Specificity: TN/(TN + FP) defined as the proportion of negative results out of the number of samples which were actually negative.
Precision: TP/(TP + FP) defined as the proportion of predicted positives that are actually positive. Also called positive predictive value
Accuracy: TP + TN/(TP + TN + FP + FN) The percentage of labels predicted accurately for a sample.
F Measure: A weighted average of the precision and recall, with best being 1 and worst being 0.
Variable Importance/Permutation feature importance plots are one way of understanding which predictor has the largest effect on the model outcomes. The main idea is to measure how much does a model’s performance changes if the effect of a selected explanatory variable, or of a group of variables, is removed. To remove the effect, we use perturbations, like resampling from an empirical distribution or permutation of the values of the variable.If a variable is important, then we expect that, after permuting/shuffling the values of the variable, the model’s performance will worsen. The larger the change in the performance, the more important is the variable. Please see Explanatory Model Analysis and Interpretable Machine Learning
The methods may be applied for several purposes.
Model simplification: variables that do not influence a model’s predictions may be excluded from the model.
Model exploration: comparison of variables’ importance in different models may help in discovering interrelations between the variables. Also, the ordering of variables in the function of their importance is helpful in deciding in which order should we perform further model exploration.
Domain-knowledge-based model validation: identification of the most important variables may be helpful in assessing the validity of the model based on domain knowledge.
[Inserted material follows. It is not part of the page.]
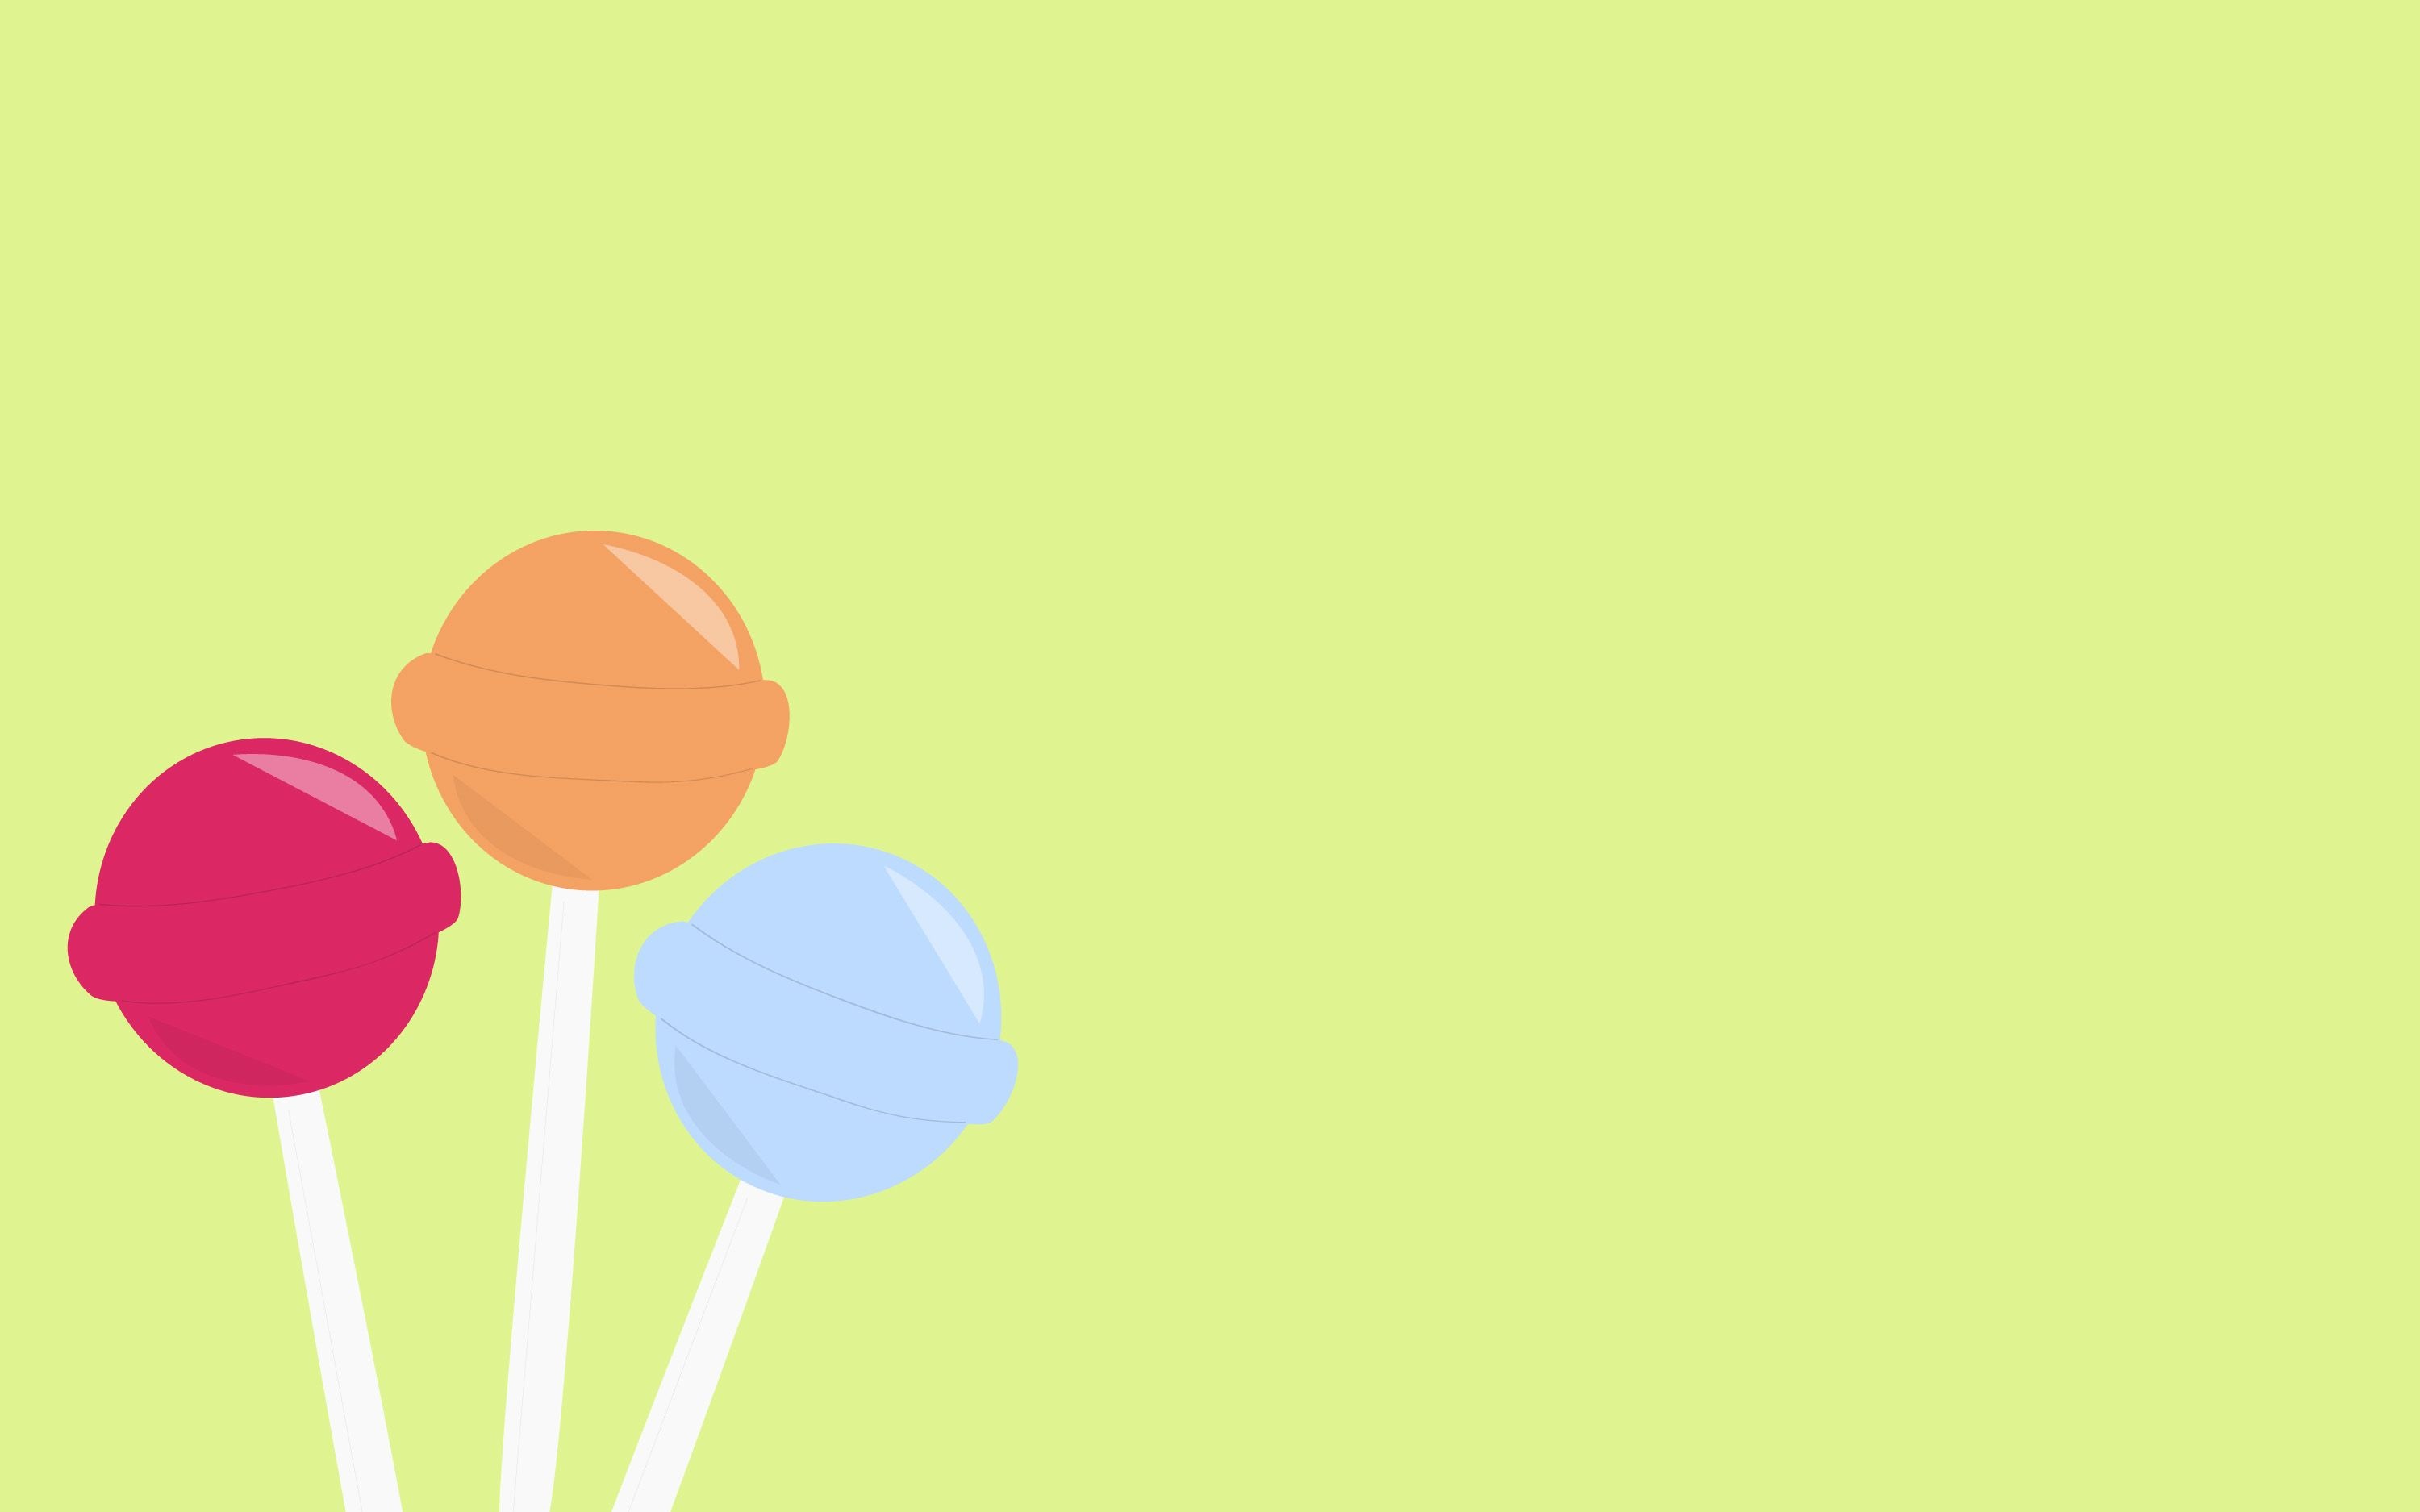 Adorable lollipop wallpapers, Cute and delightful, Fun and playful, Sweet candy inspiration, 3000x1880 HD Desktop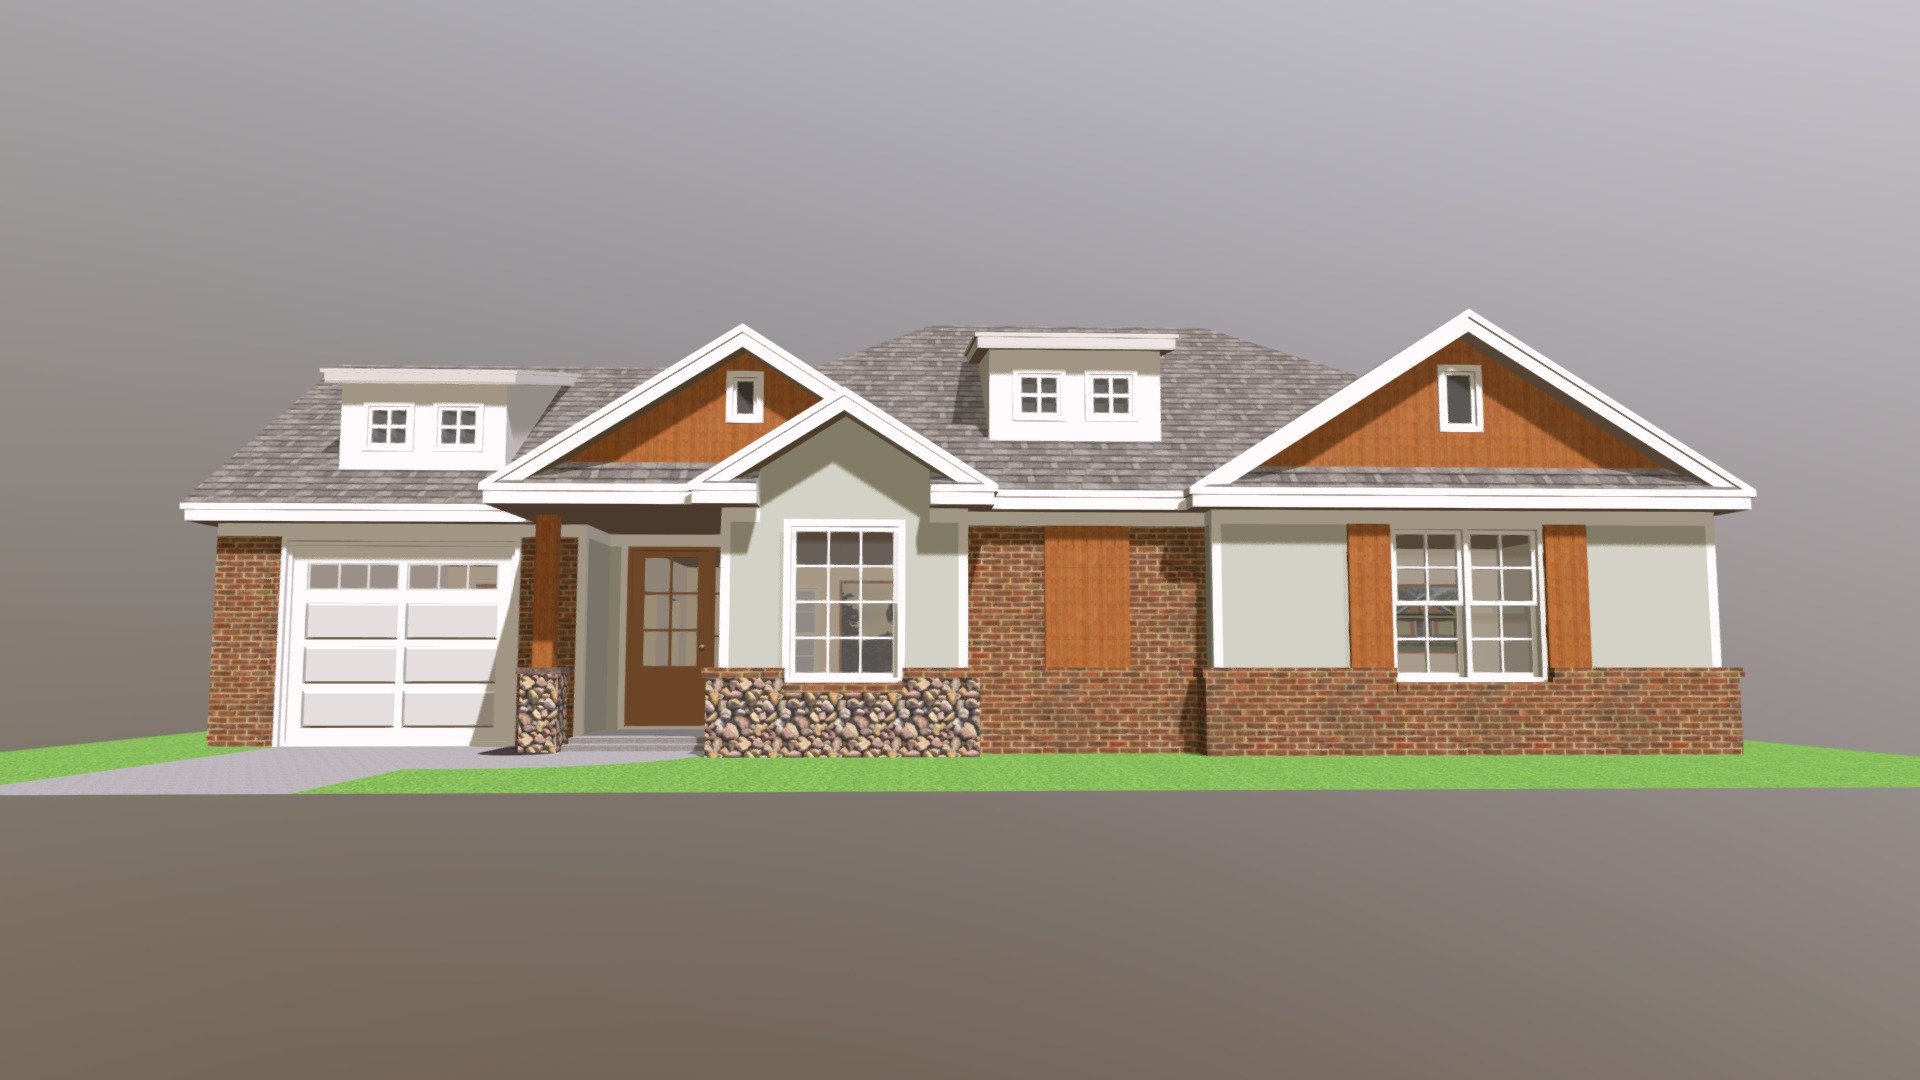 Ranch-Style House - Ranch-Style House - Download Free 3D model by rcfranklin 3d model

Knowledge generation: identification of the most important variables may lead to the discovery of new factors involved in a particular mechanism.
# Load saved model
#xgb_wf <- readRDS("smote_boost_hnwf")
options(scipen = 999)
# Extract variable importance
library(vip)
vi <- xgb_wf |>
extract_fit_parsnip() |>
vi()
vi
#> # A tibble: 30 × 2
#> Variable Importance
#> <chr> <dbl>
#> 1 urbanicity_highly.urban..urban 0.148
#> 2 home_val 0.106
#> 3 clm_freq 0.0796
#> 4 bluebook 0.0730
#> 5 age 0.0682
#> 6 mvr_pts 0.0666
#> 7 travtime 0.0602
#> 8 index 0.0549
#> 9 car_type_minivan 0.0412
#> 10 yoj 0.0375
#> # ℹ 20 more rows
Let’s represent the above as Variable Importance Plots:
# Make Variable Importance Plots
vi |>
slice_max(Importance, n = 42) %>%
mutate(Variable = fct_reorder(Variable, Importance)) %>%
ggplot(mapping = aes(y = Variable, x = Importance)) +
geom_point(size = 3, color = "dodgerblue") +
geom_segment(aes(y = Variable, yend = Variable, x = 0, xend = Importance), size = 2, color = "dodgerblue", alpha = 0.7 ) +
ggtitle(paste("Variable Importance plot of top", round(nrow(vi)/2), "variables")) +
theme(plot.title = element_text(hjust = 0.5))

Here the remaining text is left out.